DATASET SECTION –
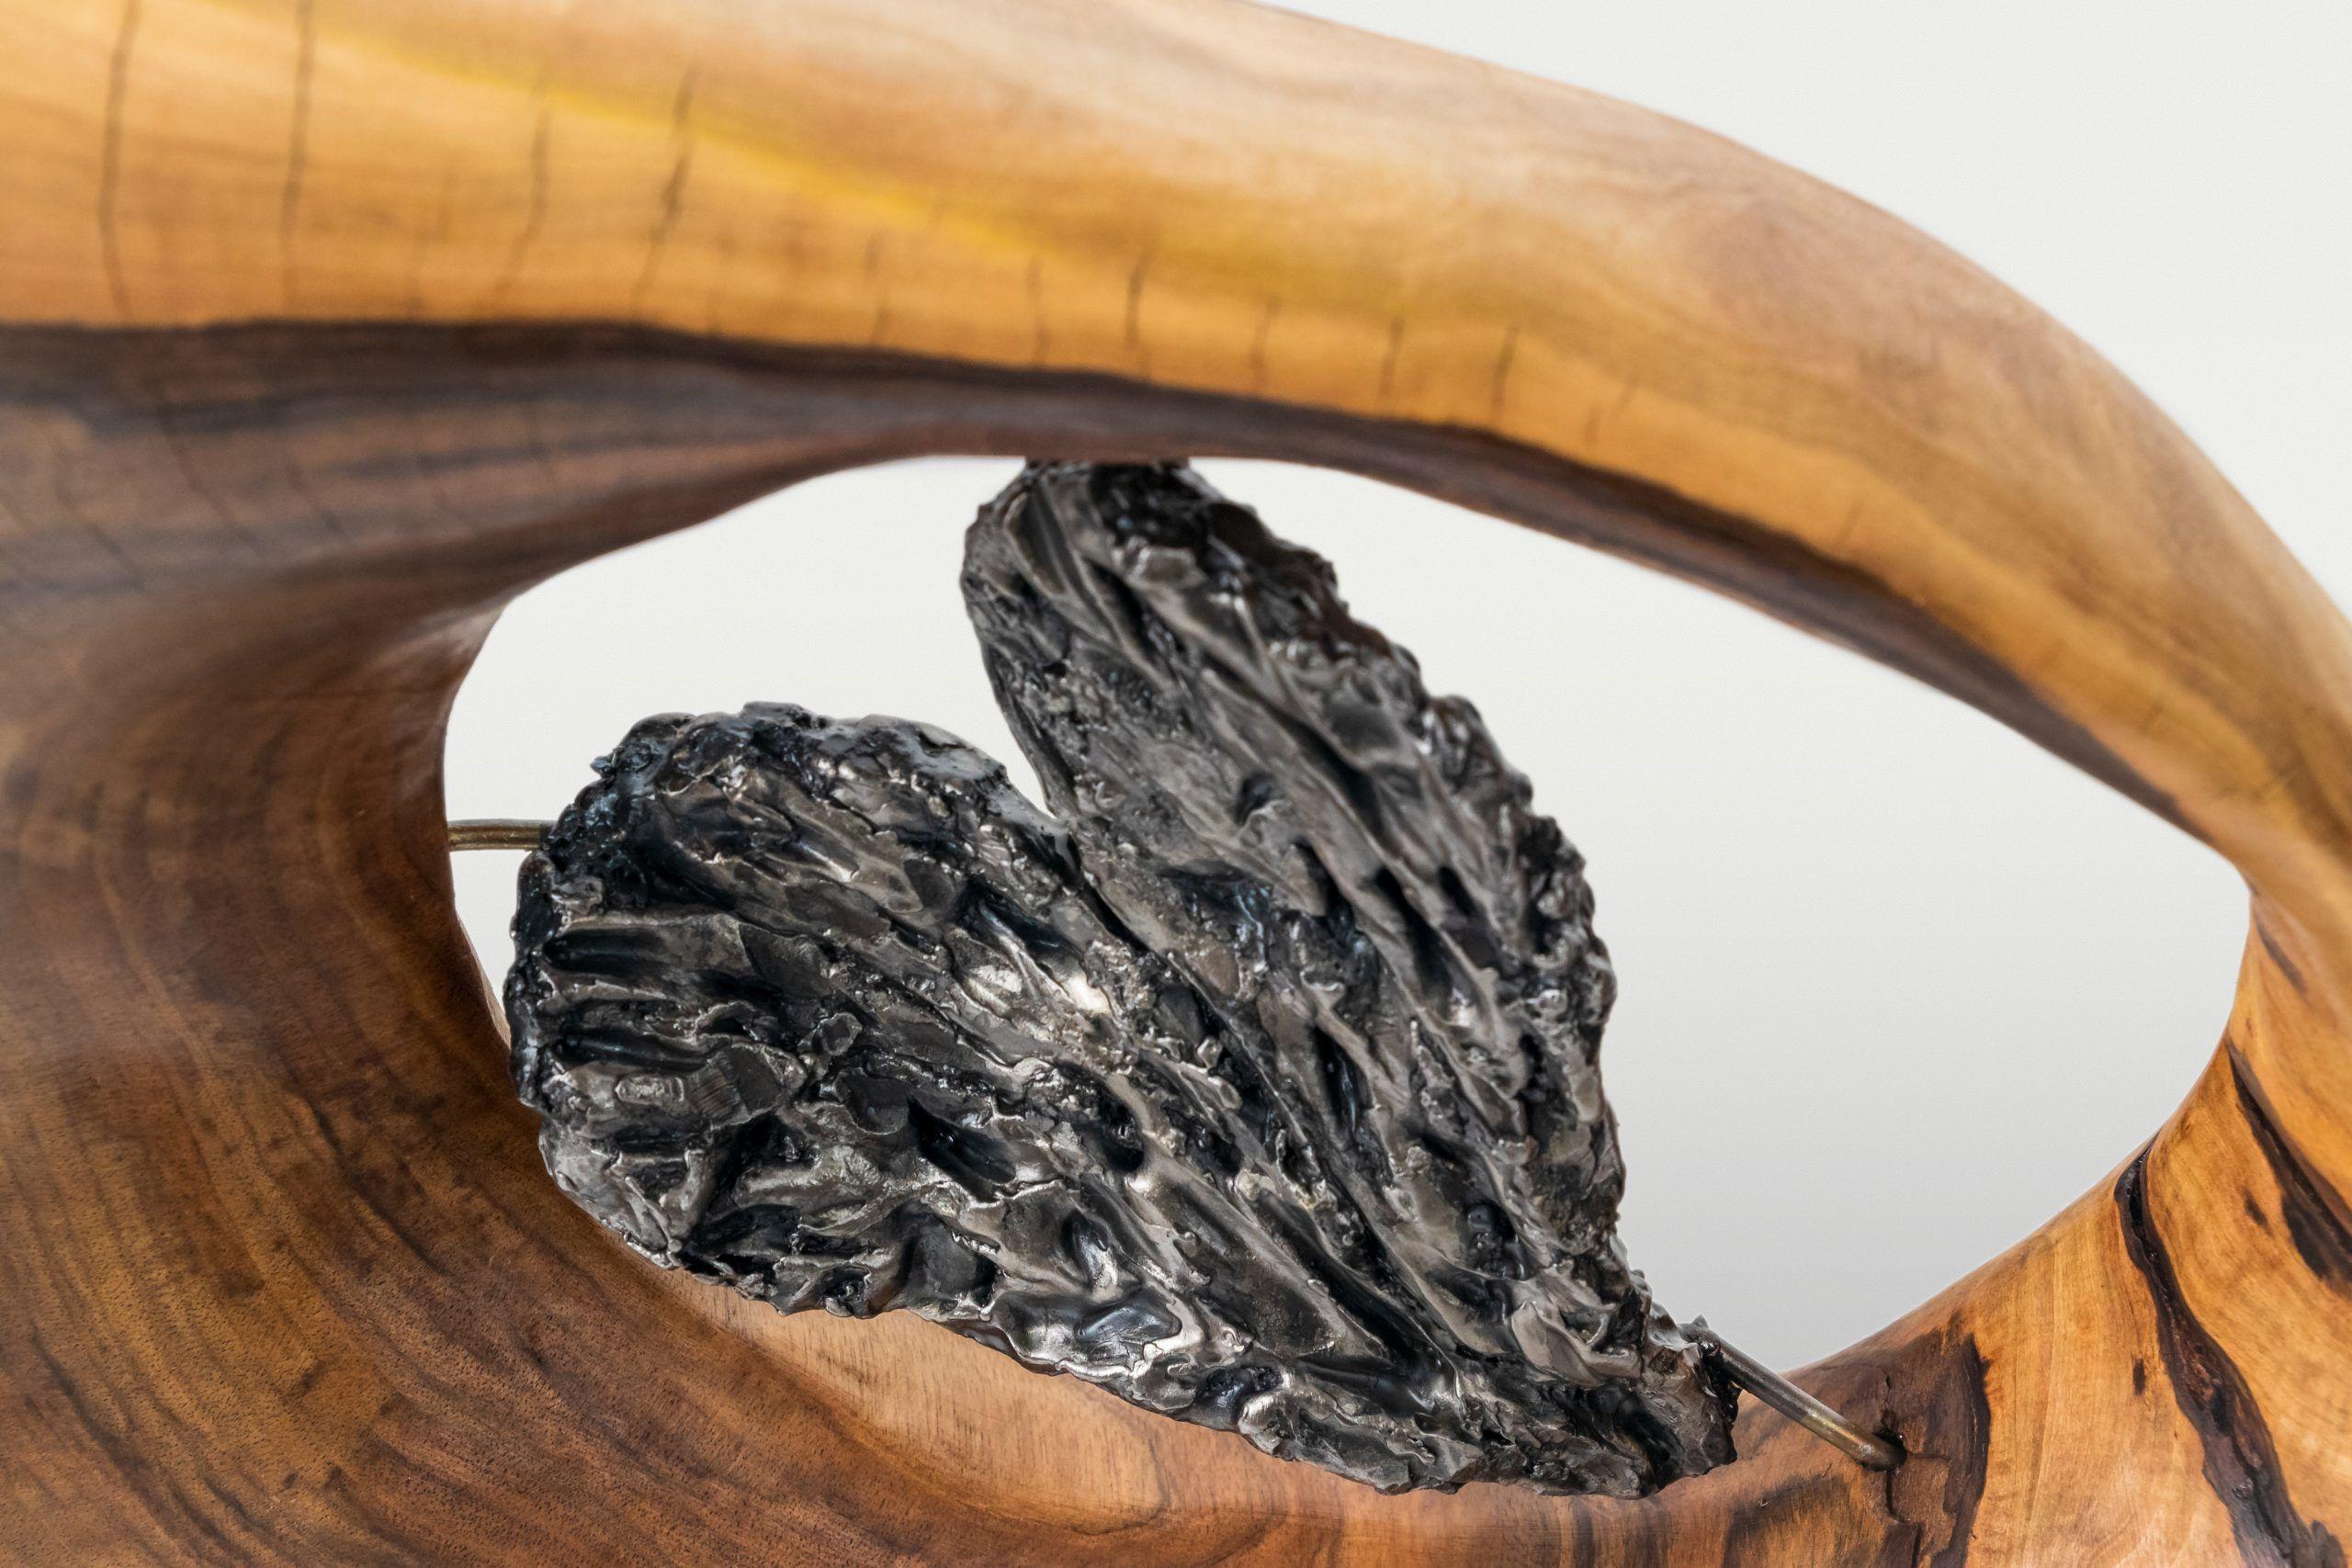 Atelier Hlavina: Peter Kuraj - Heart of wood
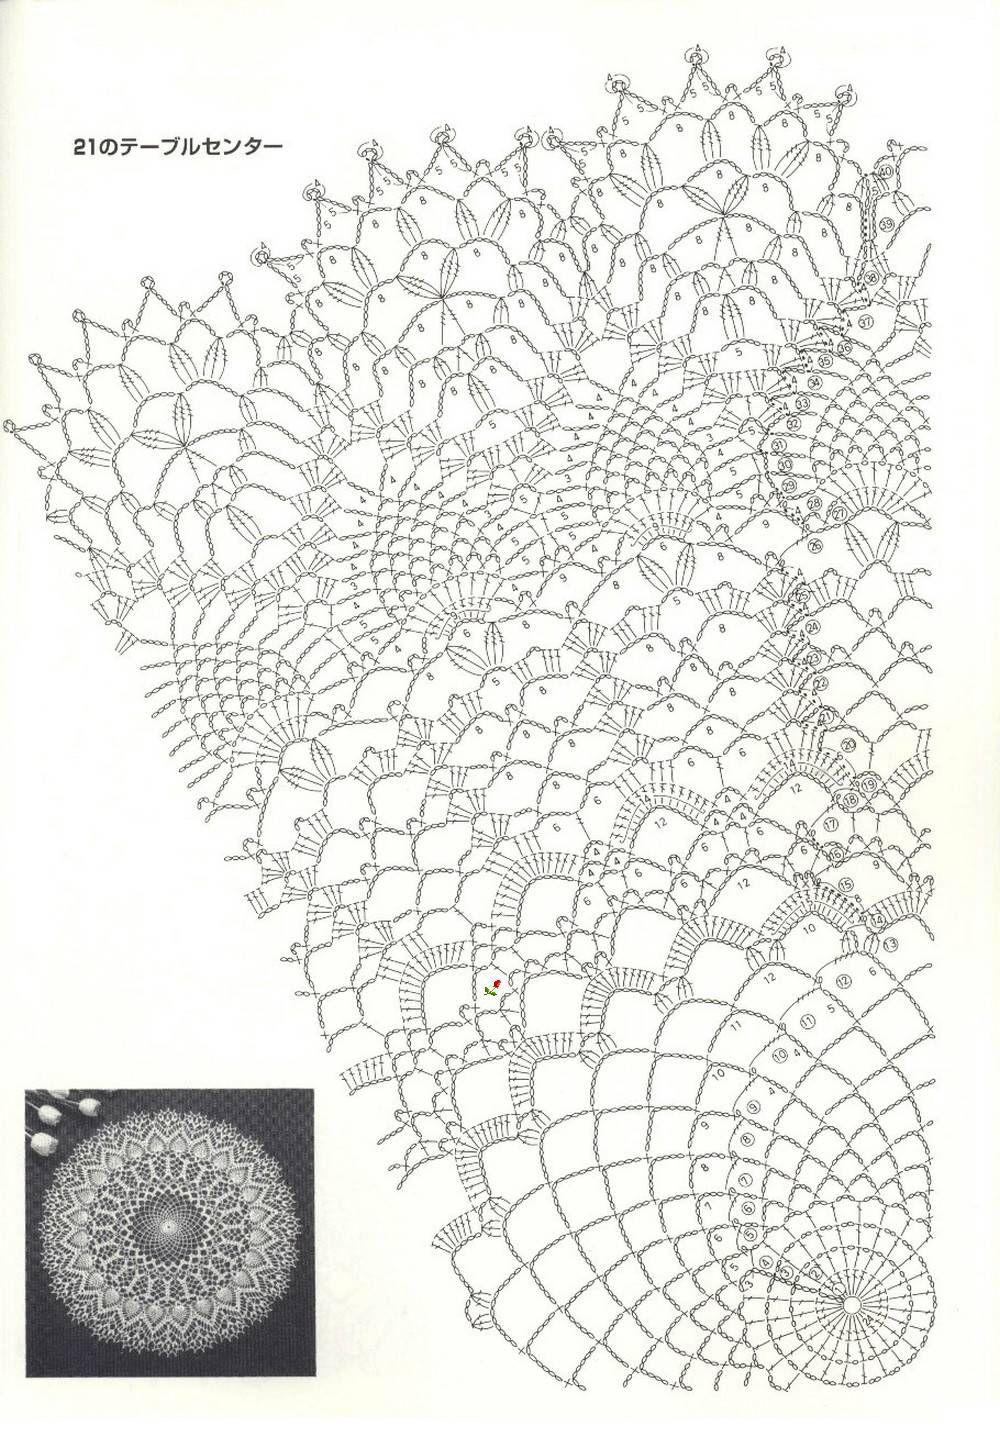 Pin by RieQa on Doilies | Pinterest | Crochet, Crochet doilies and ...
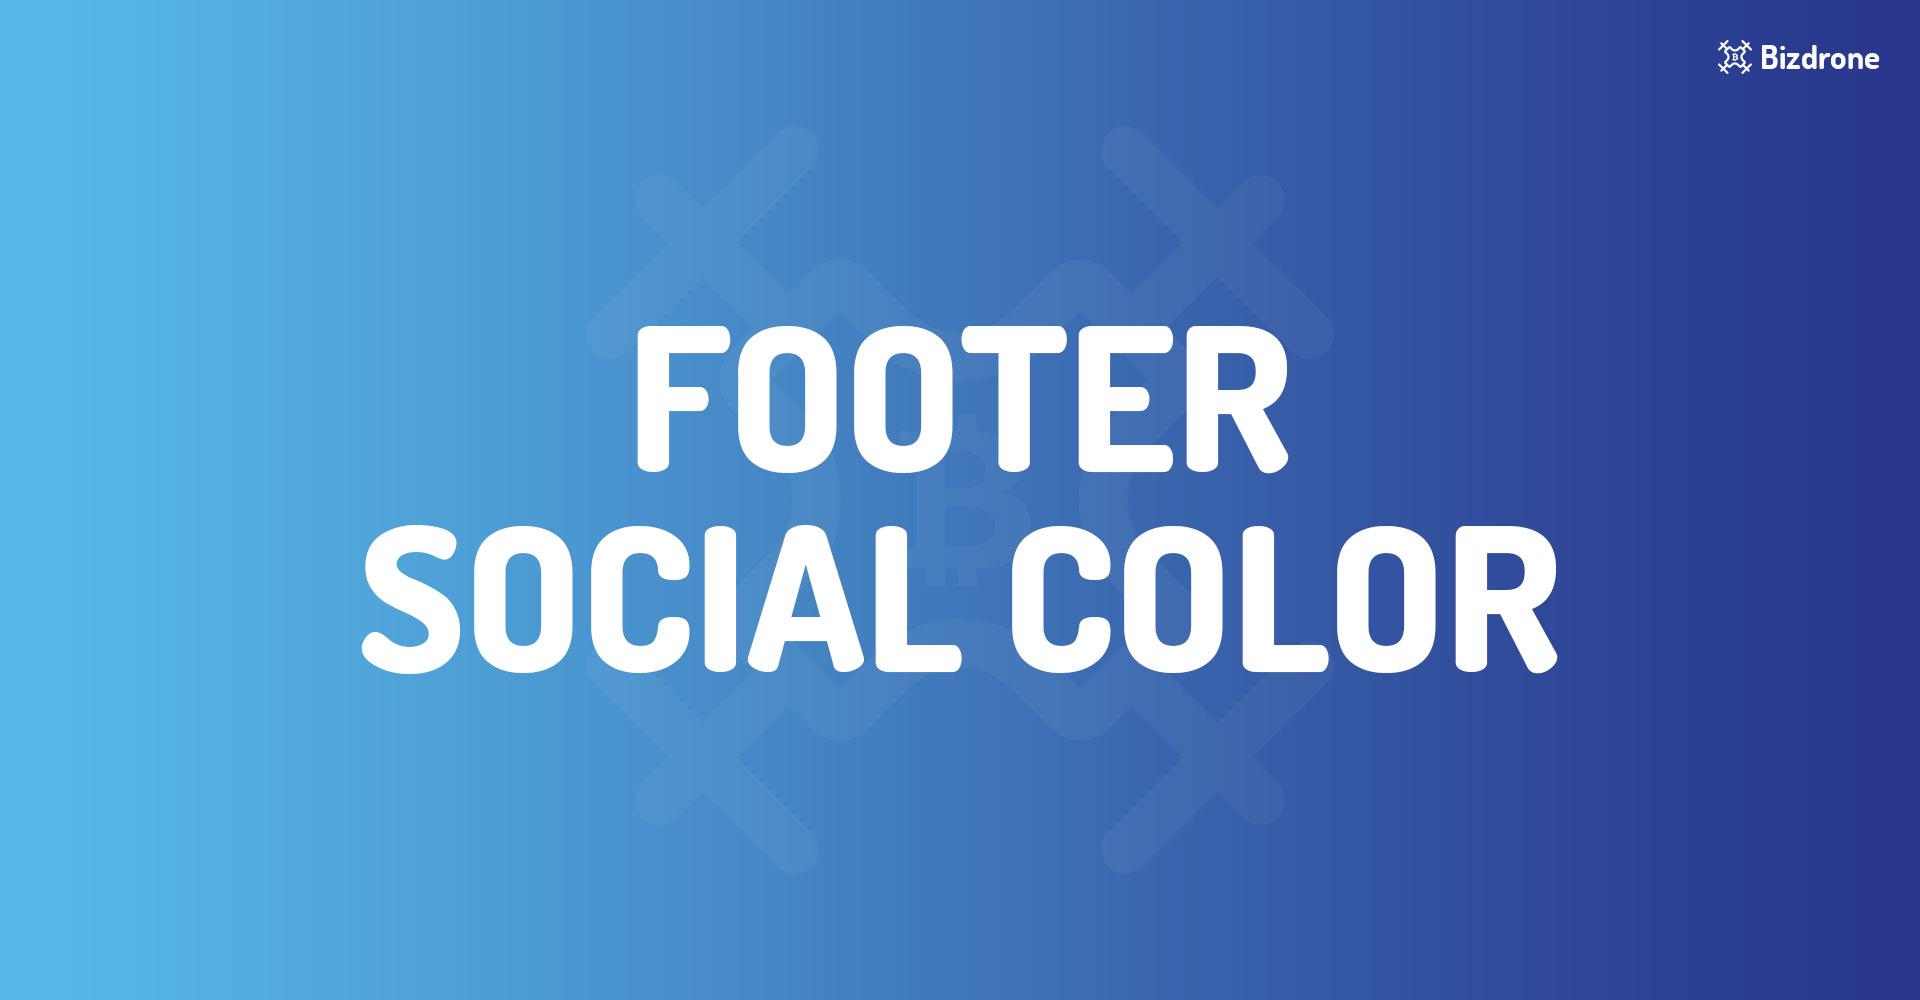 Footer Social color

WHAT TO WORK ON –
Would you copy each line above exactly as given, dropping any images?

RESPONSE AREA –
 Atelier Hlavina: Peter Kuraj - Heart of wood
 Pin by RieQa on Doilies | Pinterest | Crochet, Crochet doilies and ...
 Footer Social color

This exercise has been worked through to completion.